Data shown -
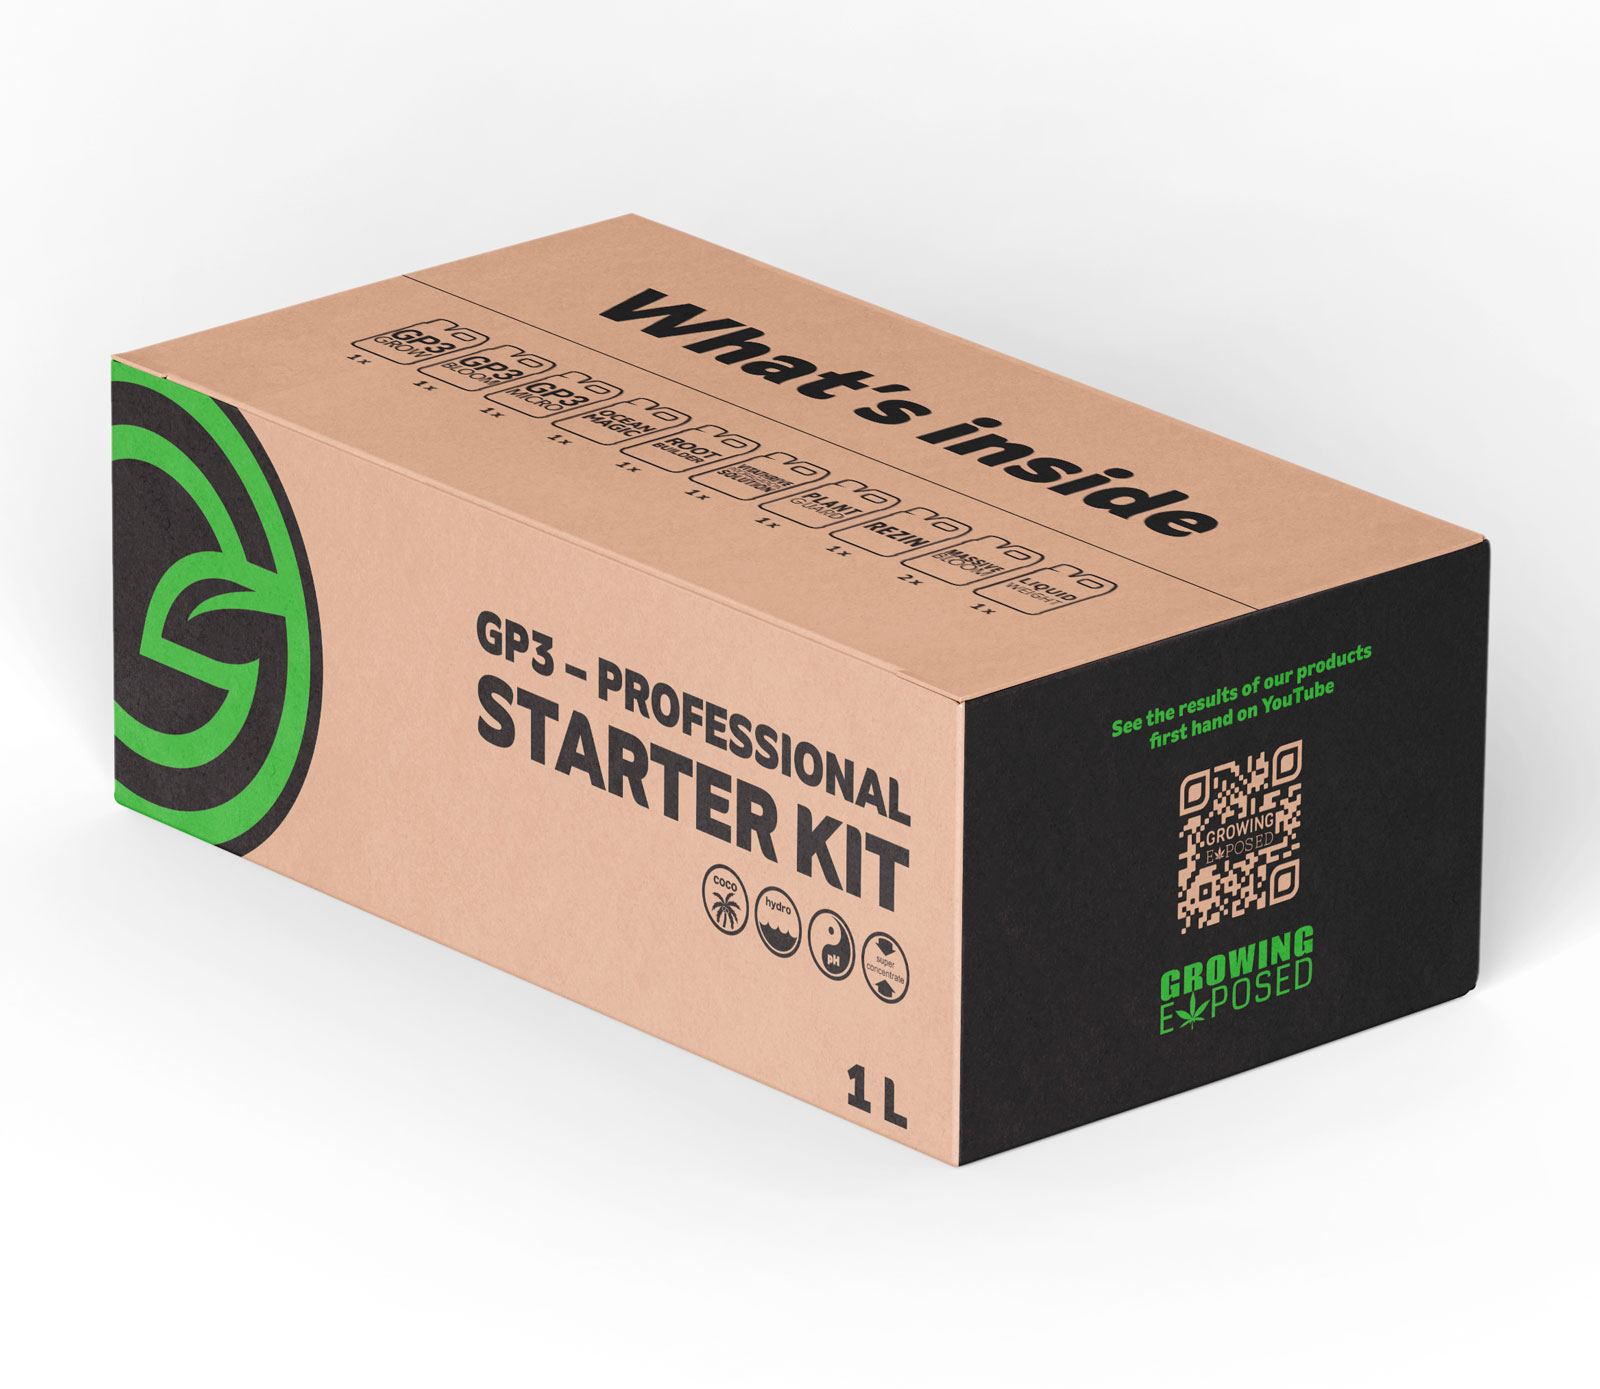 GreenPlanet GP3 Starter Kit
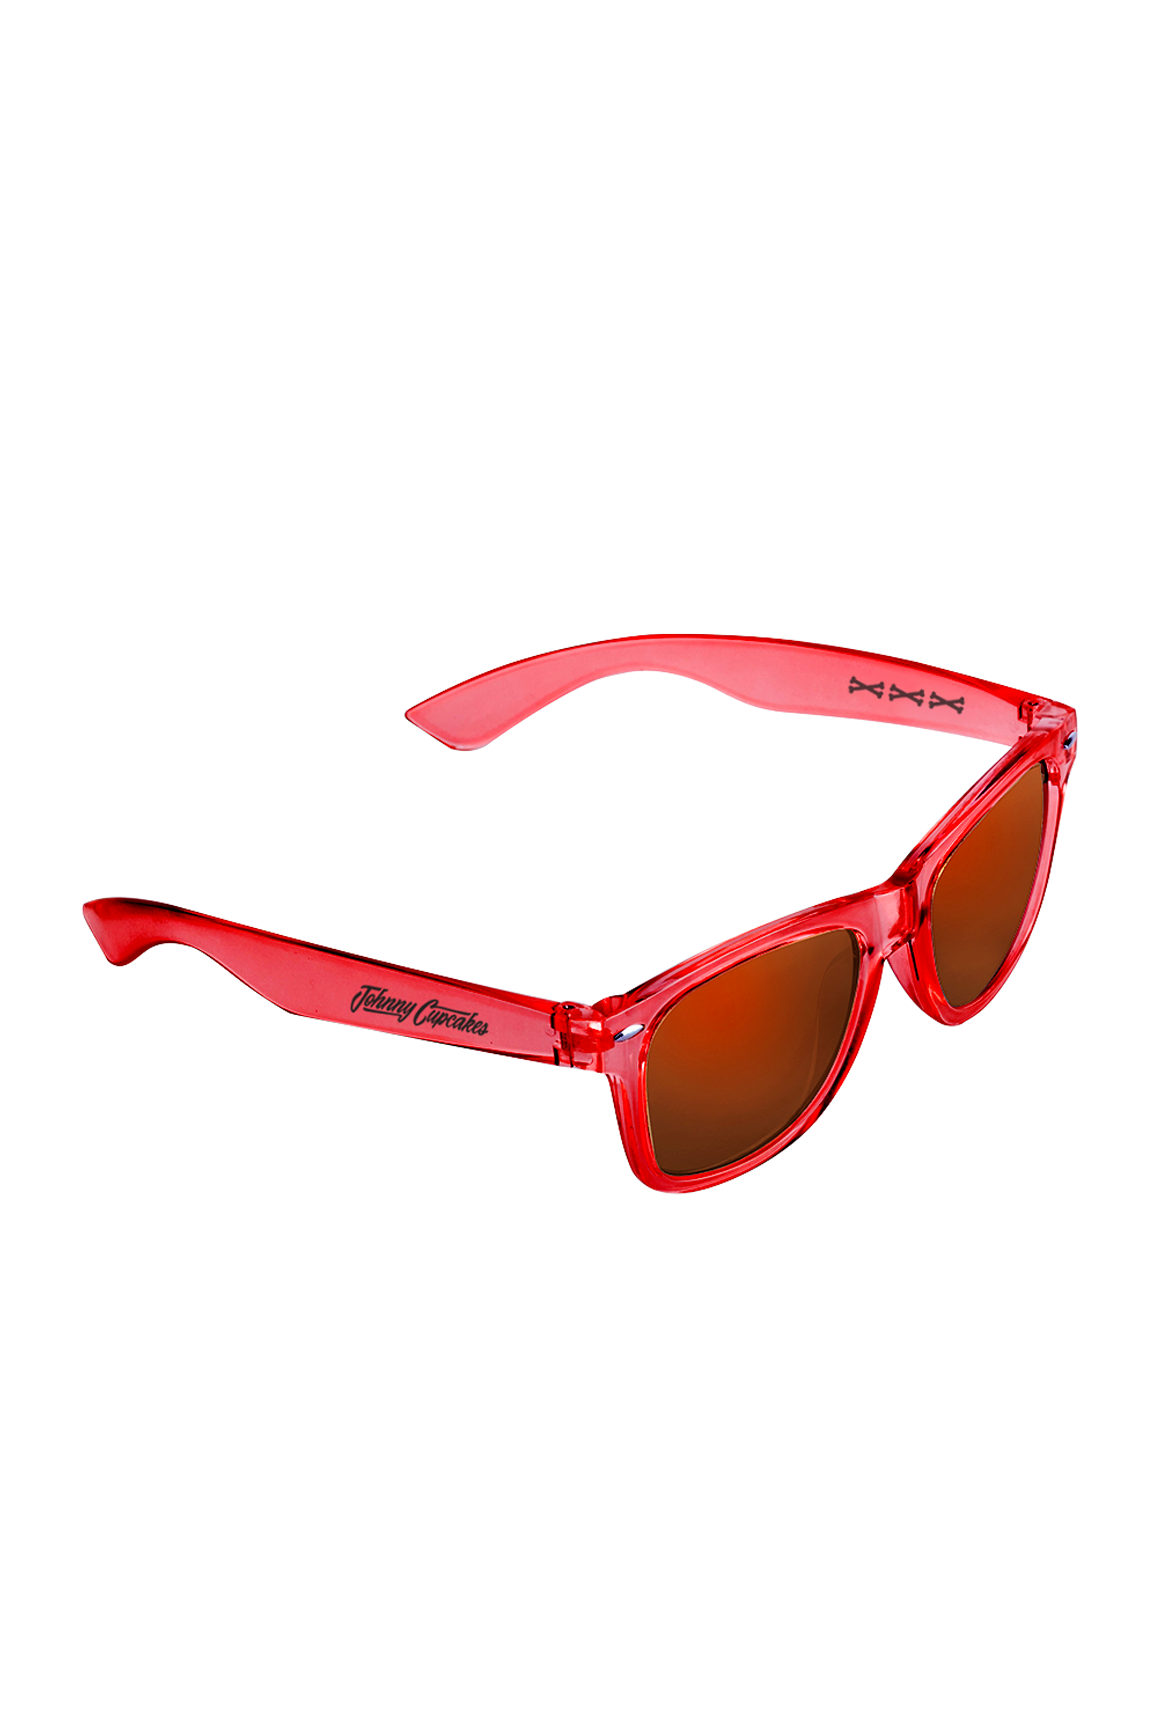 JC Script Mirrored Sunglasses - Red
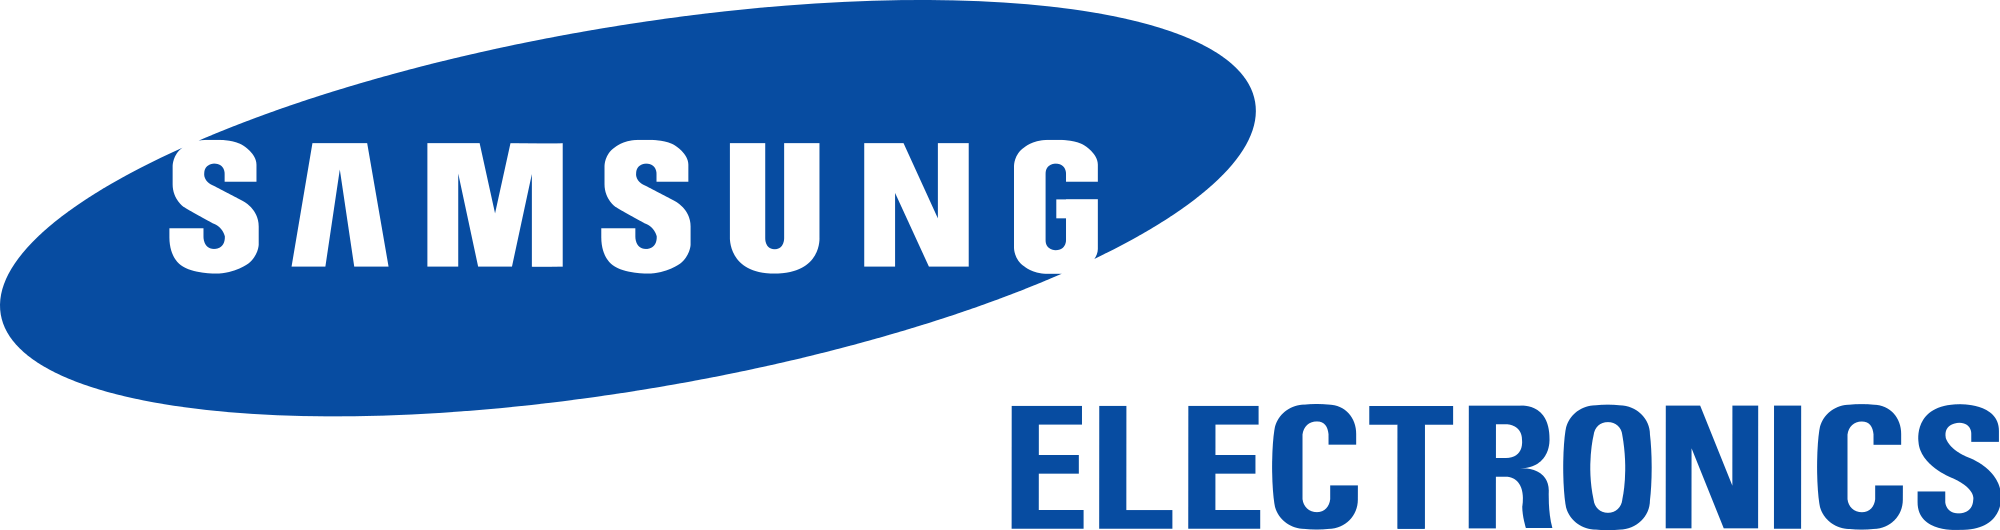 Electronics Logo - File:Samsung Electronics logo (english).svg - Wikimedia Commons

Work item - A word-for-word repeat is expected of the lines from the one with "JC Script Mirrored Sunglasses - Red" to the end of the data, both included; pictures are not part of it.

Reply to the task -
 JC Script Mirrored Sunglasses - Red
 Electronics Logo - File:Samsung Electronics logo (english).svg - Wikimedia Commons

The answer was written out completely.